The gold set is a stratified sample seeded with the current extraction; a human reviewer corrects each field and pastes a verbatim source quote, then flips reviewed: true. The comparator (scripts/gold.py report) reports per-field precision, recall and F1 against a saved baseline. CI fails any PR that drops a field by more than 5 percentage points.

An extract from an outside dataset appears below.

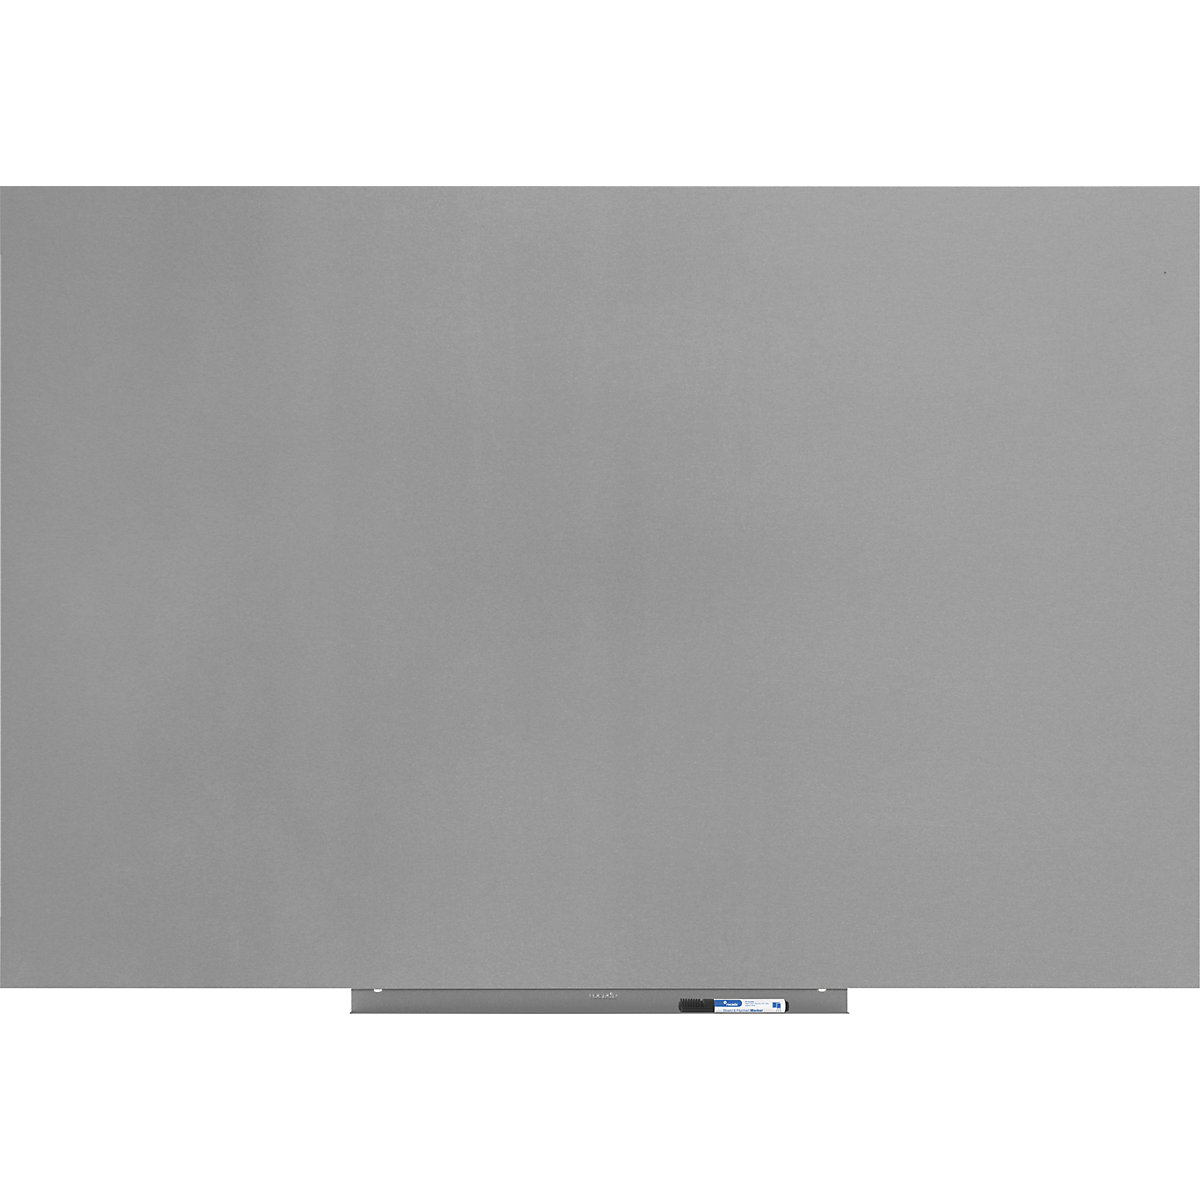 Whiteboard-Modul, PRO-Version – Stahlblech, beschichtet, BxH 1000 x 1500 mm, silber-19

Current measurement on a 13-row starter pack: support-weighted F1 = 0.80. The model is perfect on exige_certificacao_independente and escopo (1.00) and strong on regime (0.91). The two structural weaknesses are unchanged after the Phase 1 rerun: a bias toward TRUE on exige_seguranca_custodia (0.36) and exige_kyt_aml (0.50), where the source body uses descriptive prose rather than the imperative verbs the validator demands. Net effect for the decision-maker: those two triggers should be cross-checked manually before any commercial move; the other eleven fields are reliable.
Honest limits
What this dashboard is NOT.
- Two jurisdictions (
IN,SE) have only stub norms — the analysis pass returned no usable signals. They are shown for completeness, not for ranking. competidores_ativosandforca_relacionamento_certikare intentionally empty — they require business-development input that the LLM cannot infer from public text.- A handful of national gazettes are behind aggressive firewalls and were fetched from official archive snapshots; their content can be slightly stale until the next refresh cycle.
- The opportunity score is a heuristic — a high score is a candidate to investigate, not a closed sale.